• [Problem statement]
Write out each line of the material exactly as given, and drop the images.

• [Information supplied]
»»
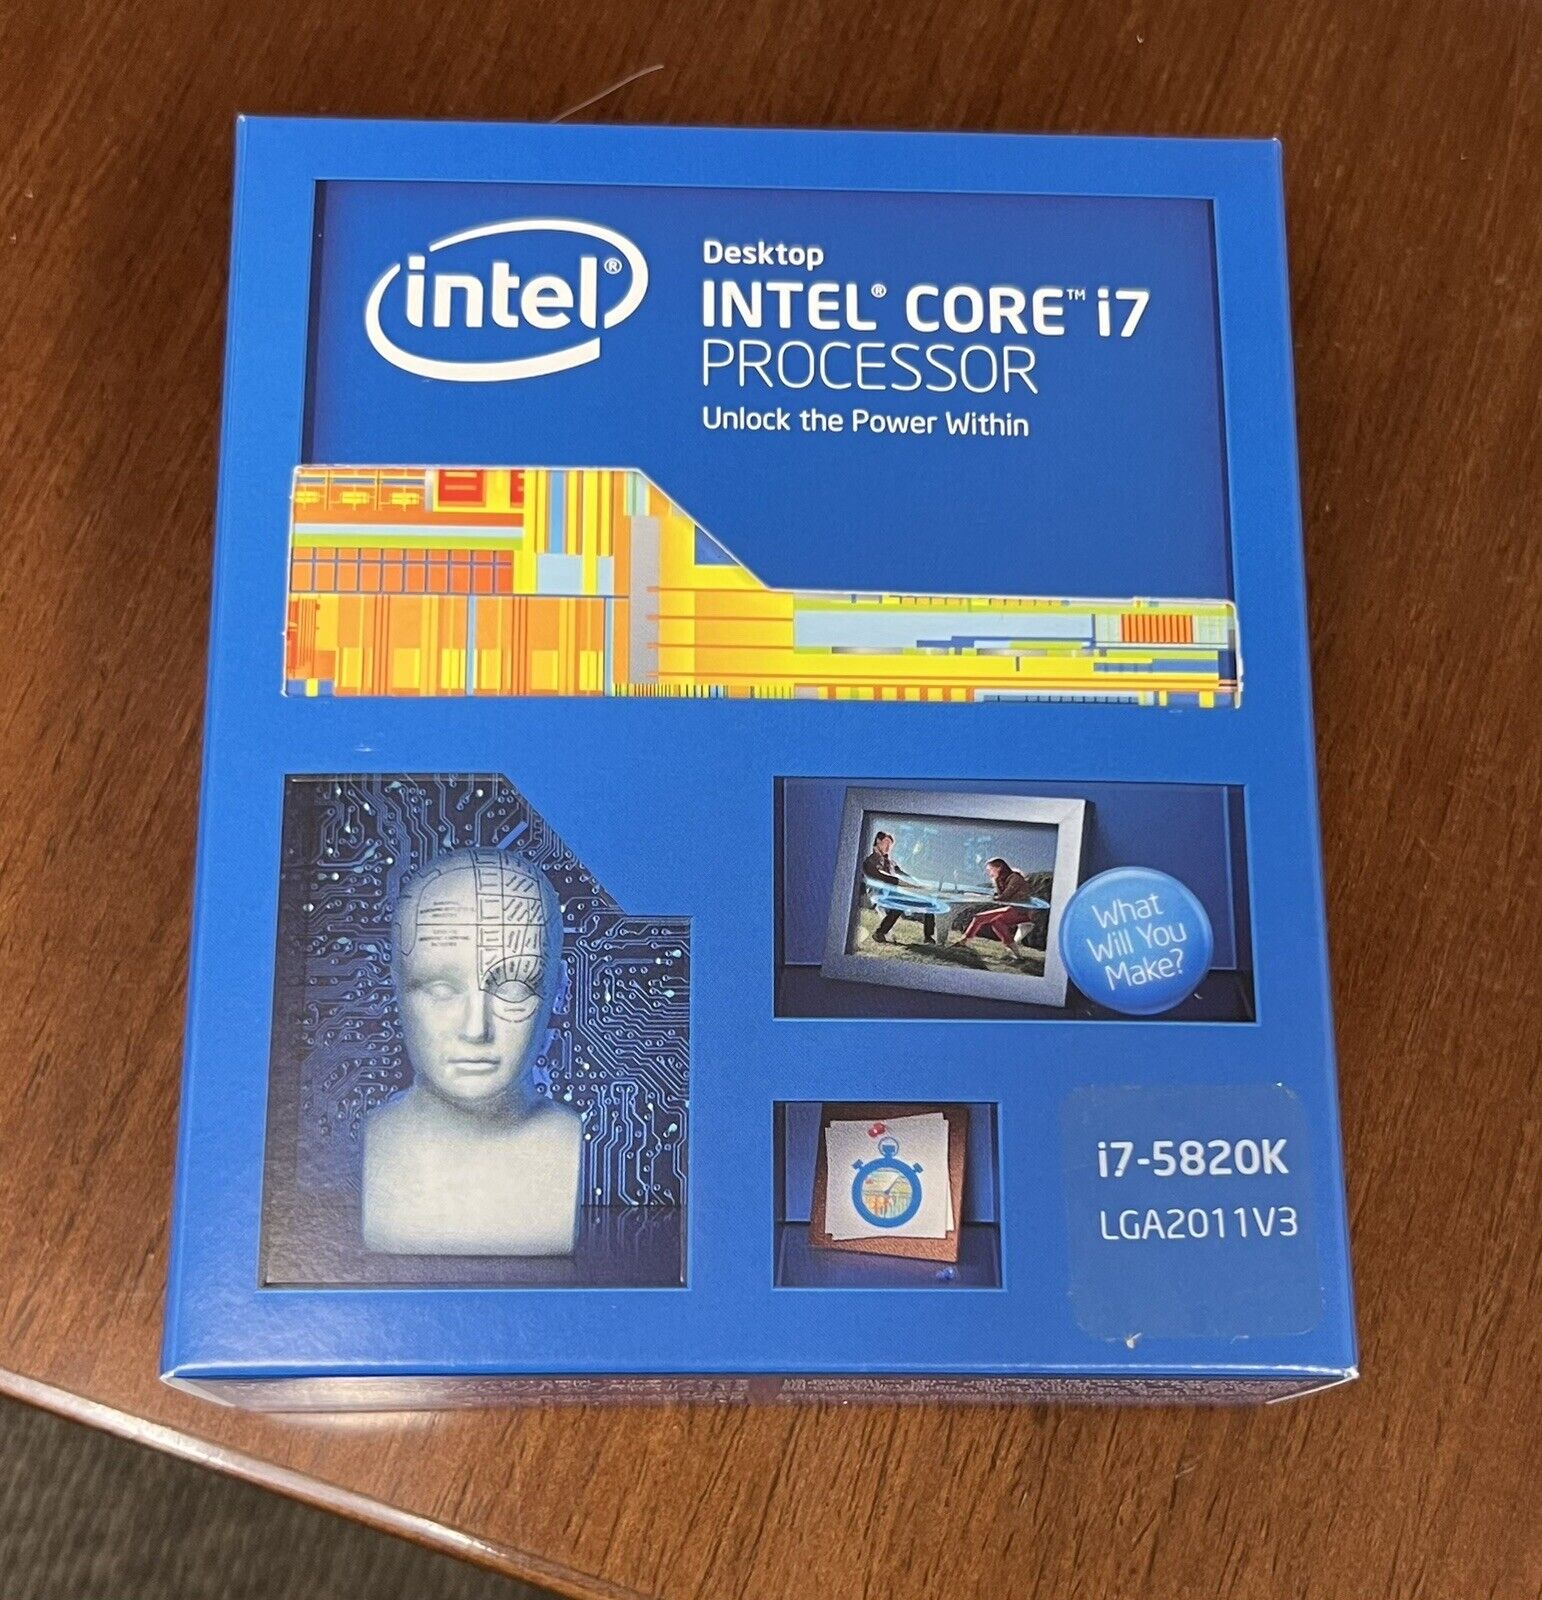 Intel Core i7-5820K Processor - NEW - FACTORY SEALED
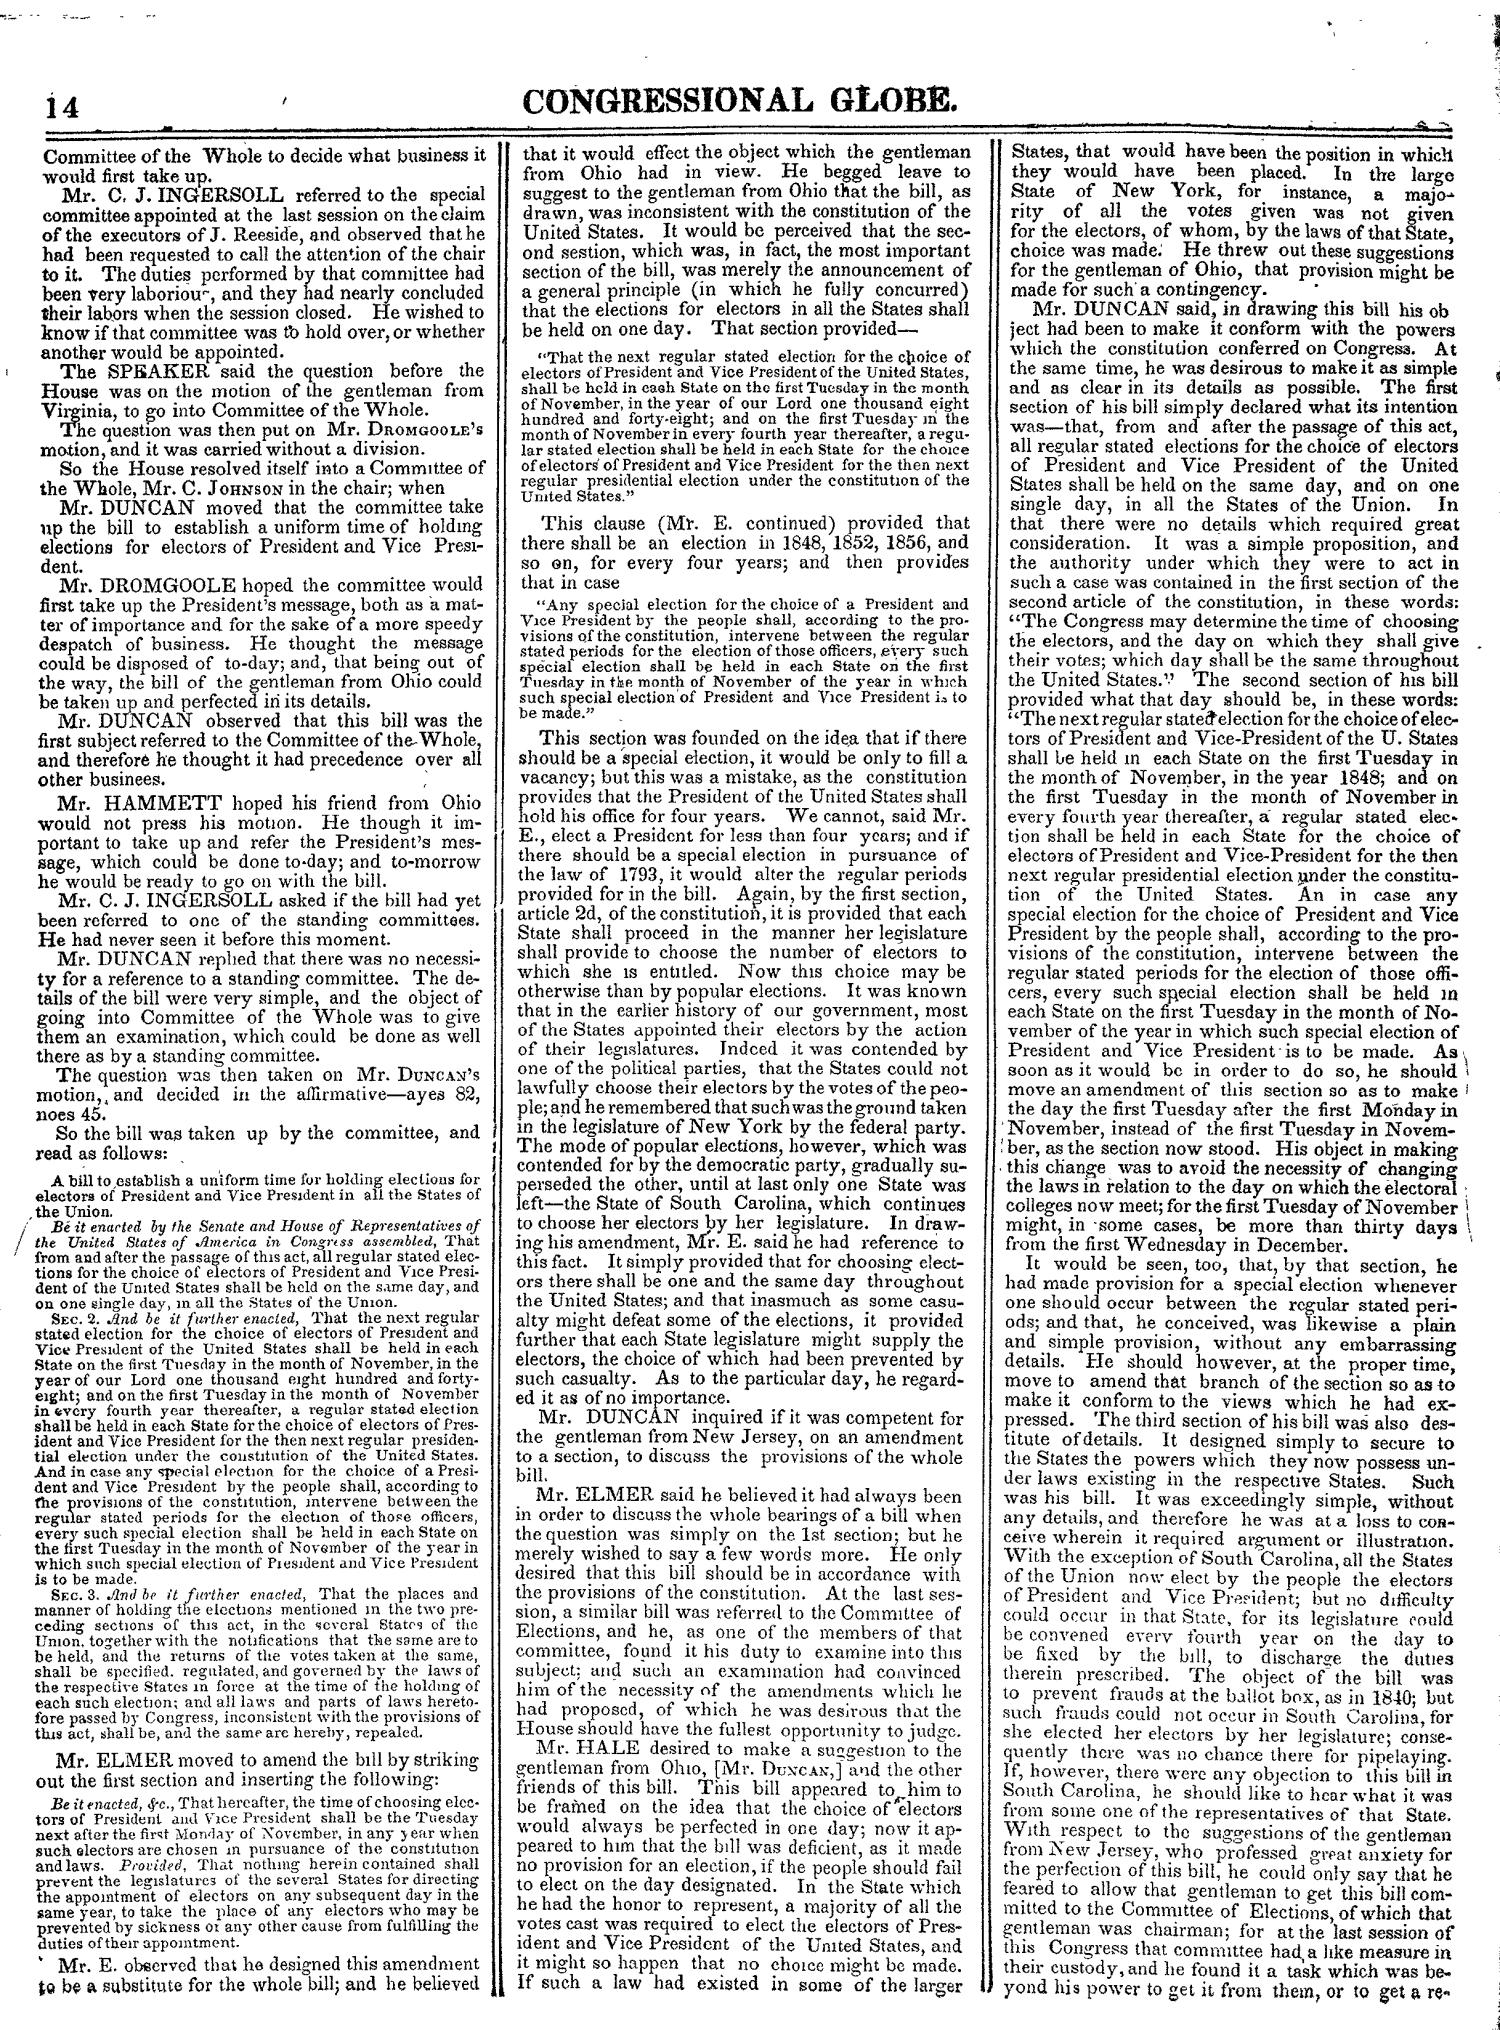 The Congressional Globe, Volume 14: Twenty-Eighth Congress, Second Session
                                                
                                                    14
««
• [Response to this exercise]
 Intel Core i7-5820K Processor - NEW - FACTORY SEALED
 The Congressional Globe, Volume 14: Twenty-Eighth Congress, Second Session
                                                
                                                    14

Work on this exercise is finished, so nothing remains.